In 2012, I did a deep dive pre-election on this same question – “Is something off with the polls?” – and it seems appropriate to tackle this question again today.
First, I want to divide the “are the polls right?” debate into two parts: are the polls predictive and are the polls valid.
On the question of predictiveness, the answer at this point is “heavens, no.” Early polls are not really “predictive,” especially not in a volatile race. In one sense, with only a month and a half until Iowa, it feels like we are incredibly close to the first caucus.

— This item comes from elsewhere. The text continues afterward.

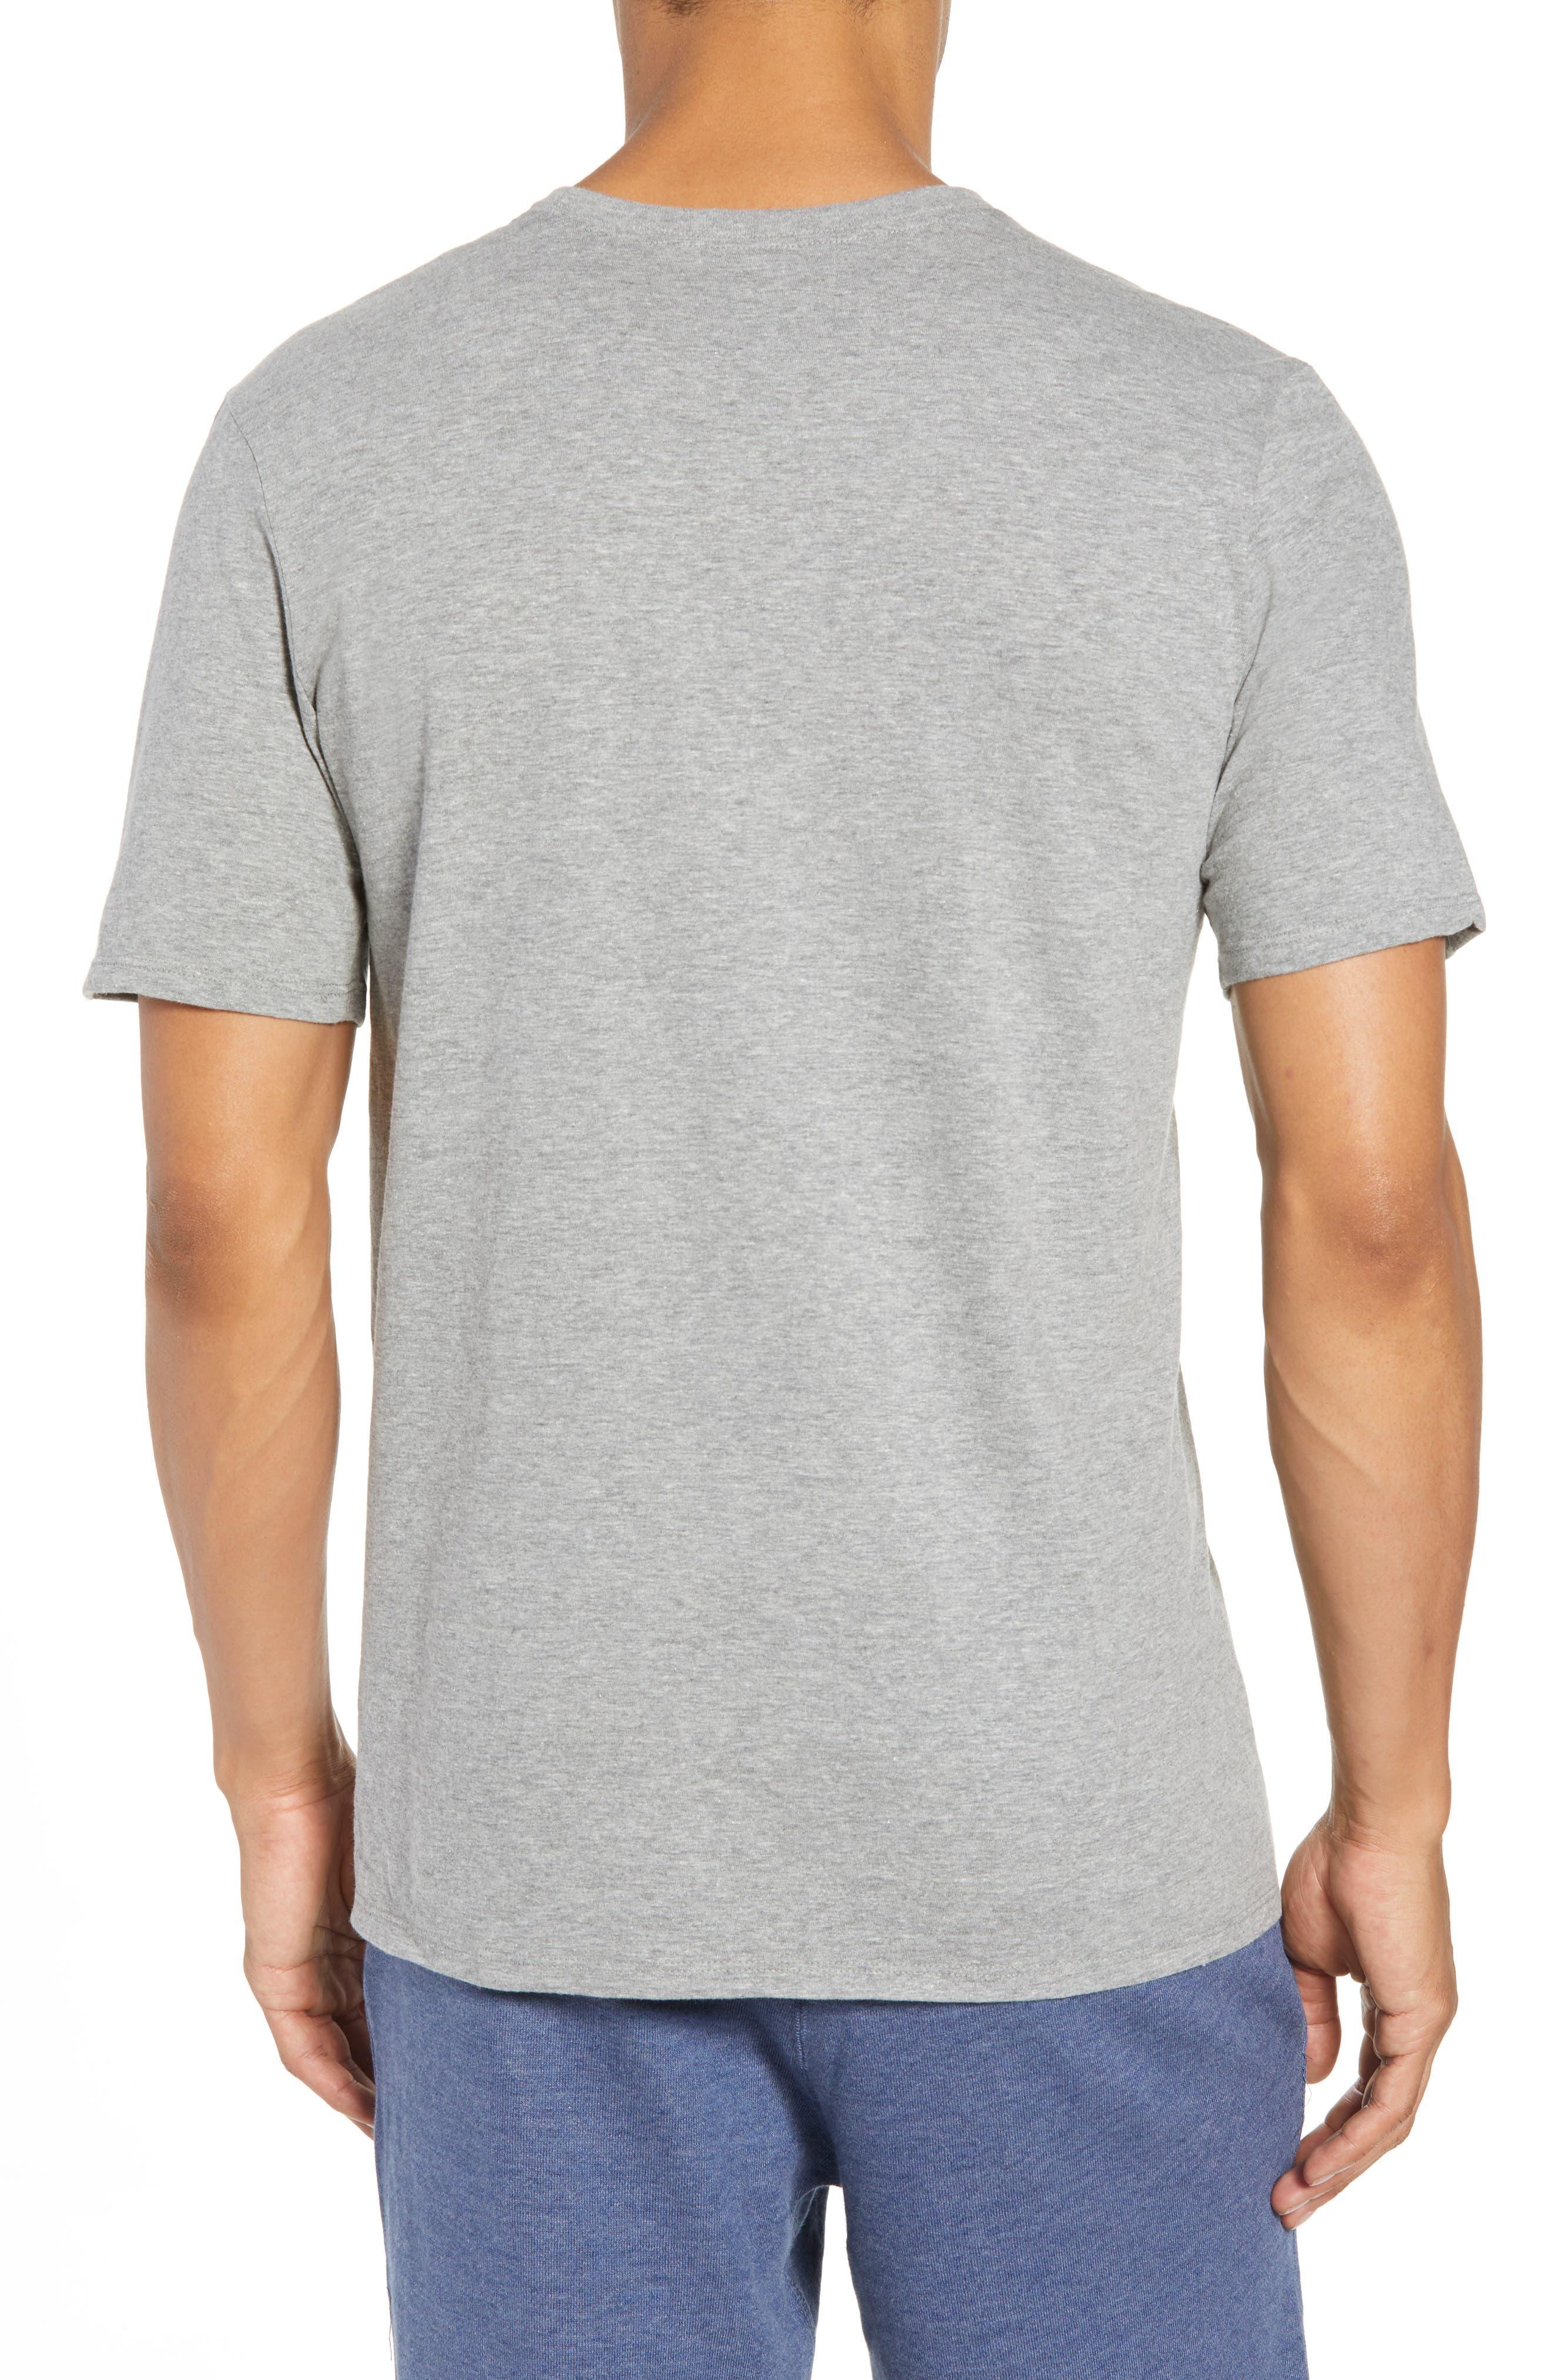 Sportswear More Money T-Shirt,                             Alternate thumbnail 2, color,                             DK GREY HEATHER/ BLACK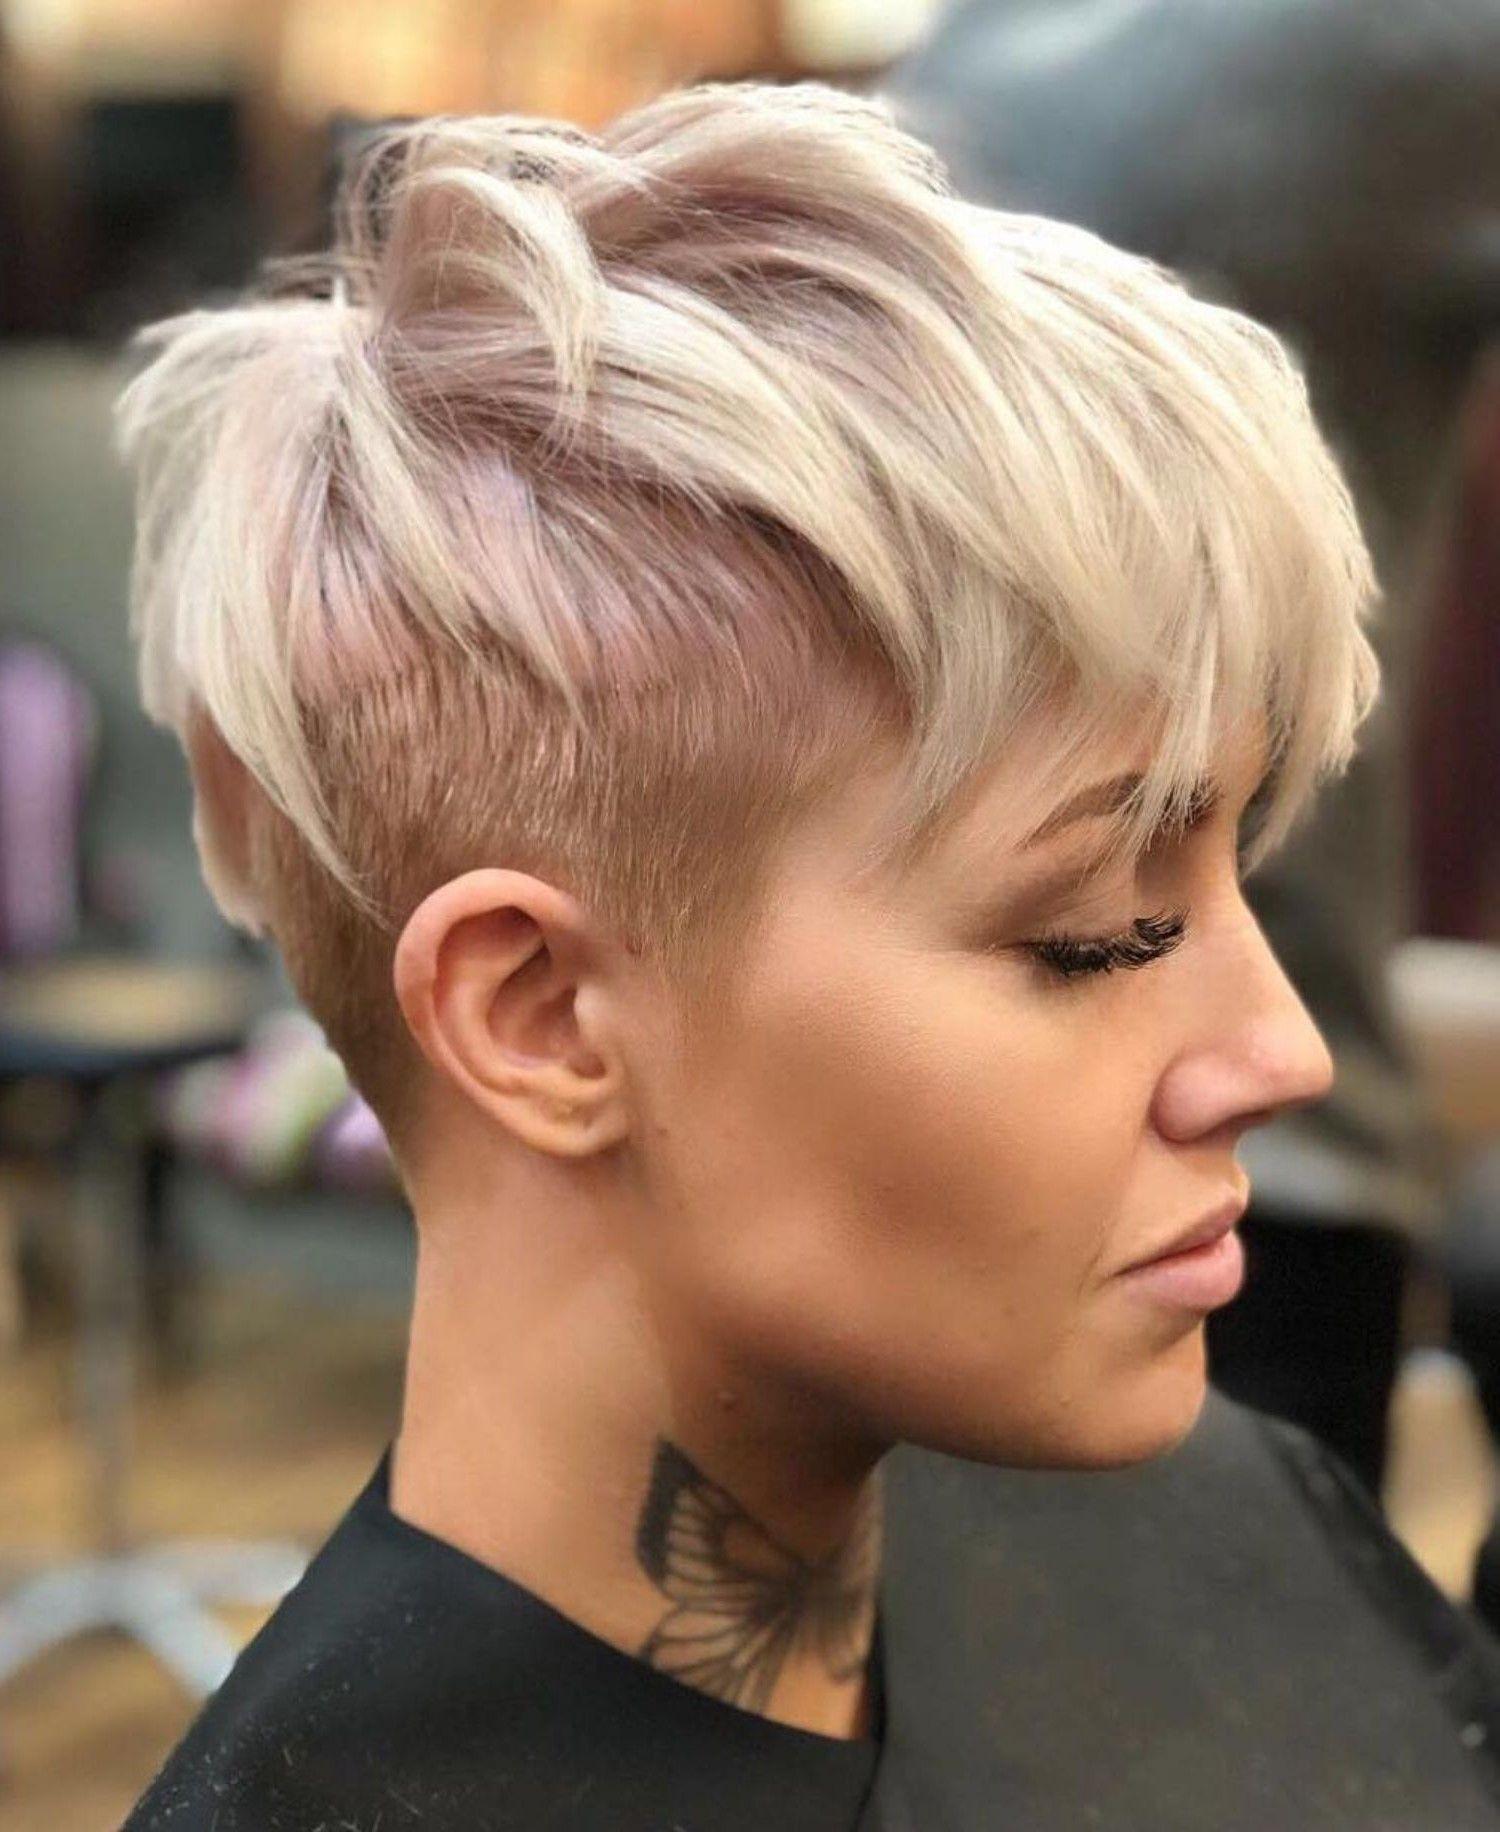 35+ Modele coiffure courte 2019 idees en 2021

However, with about half of GOP voters saying they haven’t fully decided on a candidate, this is still a race very much in flux.
When it comes to forecasting and questions like “can anyone take down Trump?” or “will voters change their minds?” I suspect the answer to these is “yes, potentially, though it is far from guaranteed.” Most horse-race polling is not terribly predictive precisely because it gives you a snapshot in time, and that time is still many days away from Iowa. The ground is always shifting beneath us; of course a poll today isn’t “predictive” of what will happen a month and a half from now. (This is to say nothing of whether “national primary polls” mean anything, given that there is no “national primary” at all.)
What I want to explore instead is the question of validity: “Is Trump REALLY the frontrunner, right at this moment? If the election WERE held today, would Trump really win? Are the polls right, and are they a valid picture of this point in time?”
Here are the factors to consider when assessing “are the polls telling the truth about what’s going on in the GOP primary?”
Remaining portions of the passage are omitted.